Oh I was generalising from personal experience too, and I agree very much with your note of caution. These are a bit of a ramble around my thoughts - there's probably stuff here that everyone knows, but it gives some context ......
It seems to be an INFJ thing to empathise with people by bringing them inside using Ni to echo them, faults and all, and so try and help them. I was generalising in the sense that this concern is by no means restricted to narcissistic people, though of course they are drawn to INFJs like wasps to an open honey pot. It's quite dangerous for the INFJ for several reasons inho. One is the risk that they simply echo the other's problems till they become their own problems too. That can happen if the other suffers from deep anxiety, depression, low self-worth - problems that many INFJs have themselves to some extent which is why they sympathise with them so readily – and where my own experiences are rooted. A problem for some INFJs is that they have ill-defined ego boundaries and can lose their sense of personal identity which can become contaminated badly by the other to the point where they lose a grip on who they are. In fact, rather than compromising their inner world ever more deeply, most likely is that INFJs run out of the compassion and emotional energy needed to keep up the empathy for someone who is significantly troubled. This compassion fatigue can take us by surprise – it’s probably a special case of the stress curve with its sudden abrupt performance precipice, and it’s legacy of anger, depression etc. What is even more surprising to us is that it isn’t easy to replace our ‘stock’ of compassion - it can be the emotional equivalent of permanently weakening our back by over-exertion. This can result in sudden changes in INFJ attitude to someone in the outer world, though the problem will have been developing internally for quite a while beforehand. These are extremely difficult issues for us to deal with, because we will have invested a lot of energy in the internalisation of the other – a feature of all our close relationships I think, not just the pathological ones – so we will have made a deep commitment to the other - who themselves may be very dependent on us. The result can be pretty awful both for the INFJ and the person they are trying to love and help, and leave them both traumatised, or at least with significant new emotional problems
My own view is that compassion is not just an instinct – there’s a skill that needs to be learnt too. The way we should learn it is probably the same way we learn to walk, with guidance, with trial and error, and some tumbles and bruises, and it’s best done in late childhood, adolescence and early adulthood. We need to have a clear sight of our inner boundaries, beyond which we do not allow the other to penetrate – after all, we don’t willingly let others stab us or poke us in the eye and we are always damaged by these physical invasions when they do happen, unless they are part of a medical procedure. The mental invasions are as bad, but much less tangible, so we have to learn the hard way where our boundaries are. I was in my 40s before I really appreciated this, and still have some problems with it now 25 years later lol.
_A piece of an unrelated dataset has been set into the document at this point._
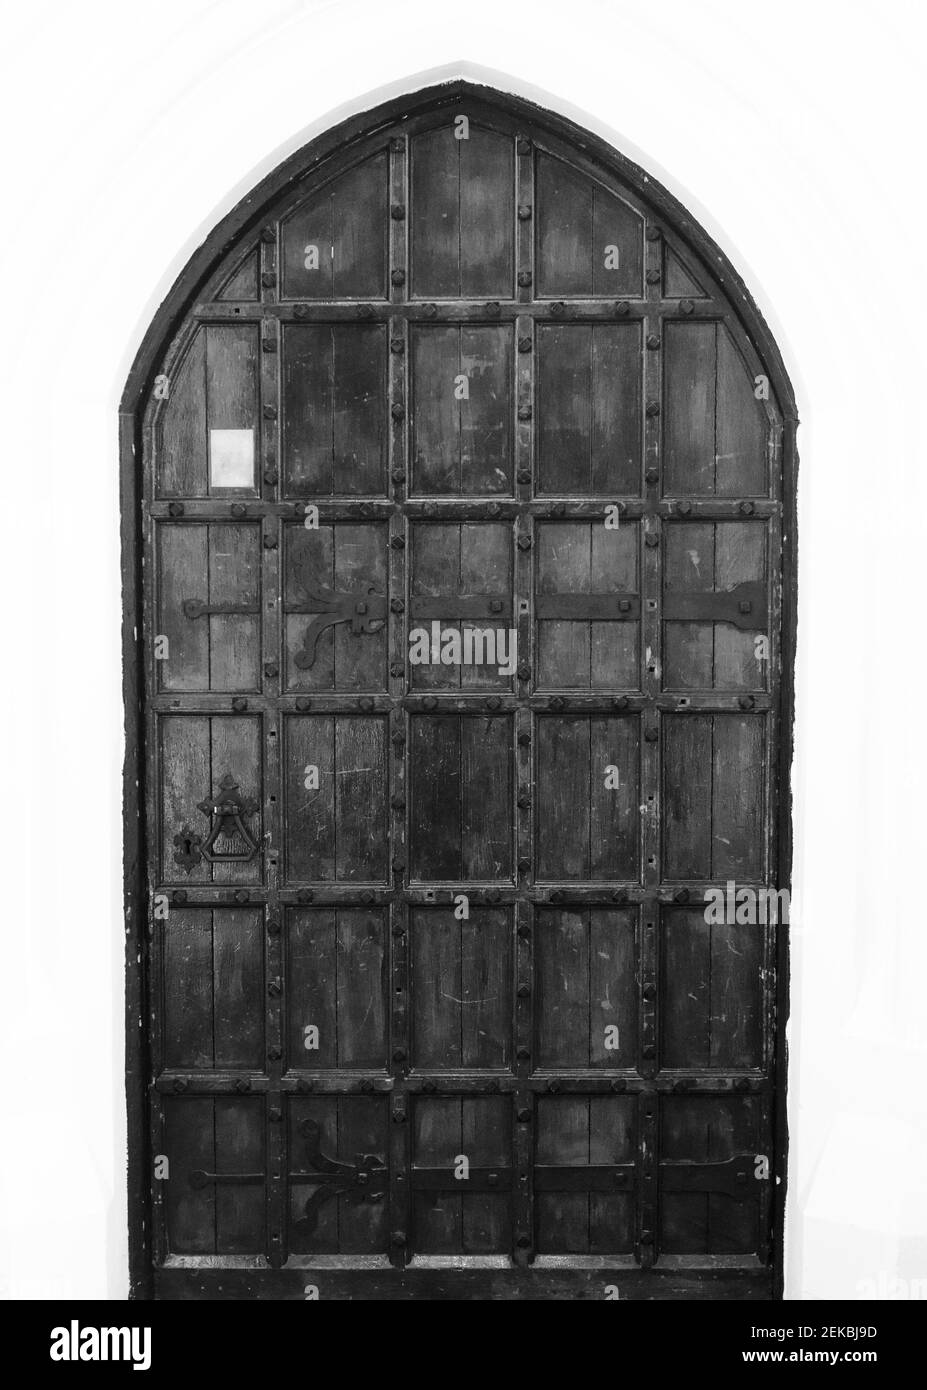 Black and white image of old elizabethan door with metal furniture Stock Photo

The flip from Ni/Fe to Ni/Ti is interesting. Ni is our dominant, not Fe, and we do have to withdraw into it to access it. If we do that in company, it can look a bit like this to others metaphorically. Quite a way away from Fe if it becomes visible to others. But as an INTJ, you must experience something a little similar to this.
Where we are very different from INTJs is that many INFJs, particularly those who have a reasonable amount of Enneagram 5 in us, are pretty good with Ti – you can see that here in the Forum. Because it’s inward facing, I find I can spend all day long journeying around my Ni with my Ti, - in fact I can’t easily access my Ni in ‘humanspeak’ without a lot of Ti to navigate it and translate it into words. It’s cosy too because I don’t need to do any uncomfortable extraverting to evaluate my perceptions. It can float off into unreality though without an extraverted viewpoint to break the loop. What will certainly move me quickly from Fe to Ti in company is if the discussion is complex and I need to dig into my Ni to get at my perceptions. My Ni is like a wide landscape and can’t directly be expressed verbally and linearly so I need Ti to navigate it before I can express it. If I’m dealing with a logical rather than a value-based topic, my Fe isn’t much use, and I’ll respond from the thinking side of things. This post is an example of my use of Ni and Ti together. I have a core intuitive feel for what compassion looks like to me as INFJ, but it isn’t expressed in words within me – I need Ti to linearize and verbalise it for communication. Of course, I’m talking
about it here – I’d use Fe if I was actually
using it in company. Mind you, these words don’t give a brilliant translation of my Ni perception because compassion isn’t really a separate differentiated faculty within me but merges into all my other faculties.
I might well flip to intuitive / analytic even with those close to me, but I'm more likely to bury them in over-analysis and unwanted solutions than appear cold. I must say, there are times that I get fed up with Fe, and it's a real treat to just use Ti instead. But then just as often, I get really fed up with Ti that doesn't know when to shut up (at 3am for instance!!), and it's a blessed relief to use Fe. I do far better in company with Fe than T, unless I'm with people that have a particular purpose that needs it.
Interestingly, I do experience analogous jumps in INTJ behaviour. Some INTJs I’ve known can become very values-oriented where a moment before they were expressing things pretty clinically. Just as INFJs can over-think in public (who me ???), some INTJs can suddenly become very righteous. I had a boss like that many years ago.